- A study by the Oxford Internet Institute details the threat to science that AI hallucinations pose to science.
- Generative AI platforms are designed to yield answers, regardless if they are accurate or not.
- Researchers argue that LLMs should be treated as knowledge sources within academic fields.
The tendency for generative AI platforms or large language models (LLMs) to hallucinate is something that simply is not getting enough attention at the moment. This is according to a study published in the Nature Human Behaviour journal (paywall) by researchers at the Oxford Internet Institute.
For those unfamiliar with AI hallucinations, they are described by IBM as, “a phenomenon wherein a large language model (LLM)—often a generative AI chatbot or computer vision tool—perceives patterns or objects that are nonexistent or imperceptible to human observers, creating outputs that are nonsensical or altogether inaccurate.”
“Generally, if a user makes a request of a generative AI tool, they desire an output that appropriately addresses the prompt (i.e., a correct answer to a question). However, sometimes AI algorithms produce outputs that are not based on training data, are incorrectly decoded by the transformer, or do not follow any identifiable pattern. In other words, it ‘hallucinates’ the response,” the company’s explanation continues.
We have already seen instances where LLMs hallucinating have had real-world consequences, such as a lawyer in the US who utilised ChatGPT in order to search for and collate previous cases in a brief. As it turns out, the vast majority cases cited in the brief were in fact fabricated by the generative AI platform, resulting in punitive action against said lawyer.

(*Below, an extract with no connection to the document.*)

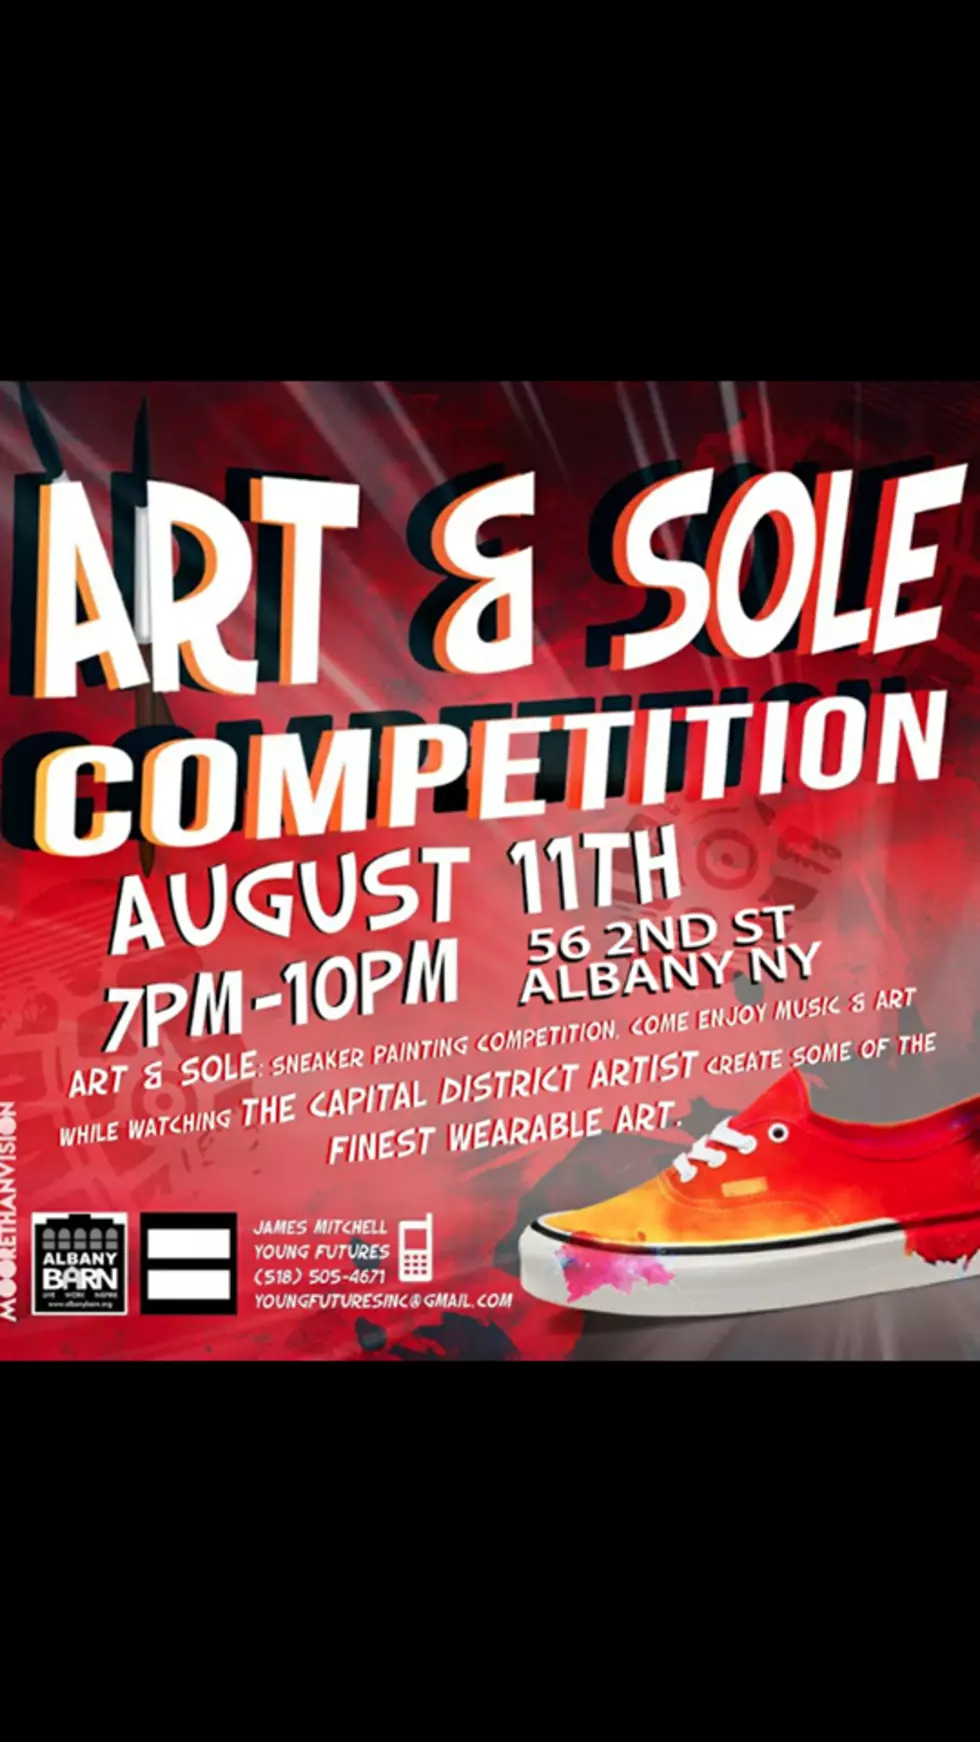 Art & Sole The Competition

As for the study, it is specifically concerned about the manner in which LLMs are used as a knowledge source in the academic field. Given the propensity for generative AI platforms to hallucinate, this poses a real problem for academia, with the researchers going so far as to say it’s a threat to science.
“People using LLMs often anthropomorphise the technology, where they trust it as a human-like information source,” noted Professor Brent Mittelstadt, a co-author on the paper.
“This is, in part, due to the design of LLMs as helpful, human-sounding agents that converse with users and answer seemingly any question with confident sounding, well-written text. The result of this is that users can easily be convinced that responses are accurate even when they have no basis in fact or present a biased or partial version of the truth,” he added per The Next Web.
While the authors are quick to acknowledge the role that LLMs will play in research within the scientific community moving forward, the manner in which these platforms are leveraged needs to be done so ethically and with care.
To that end, the authors call for LLMs to be used as “zero-shot translators”. Here the platforms should be used to transform appropriate data that has been input by a researcher into a conclusion or some form of code. As such, the LLM should be used to do some of the heavy lifting, not all of the work entirely.
As generative AI becomes more pervasive across a number of fields, determining accuracy will become both more difficult, and critical, moving forward.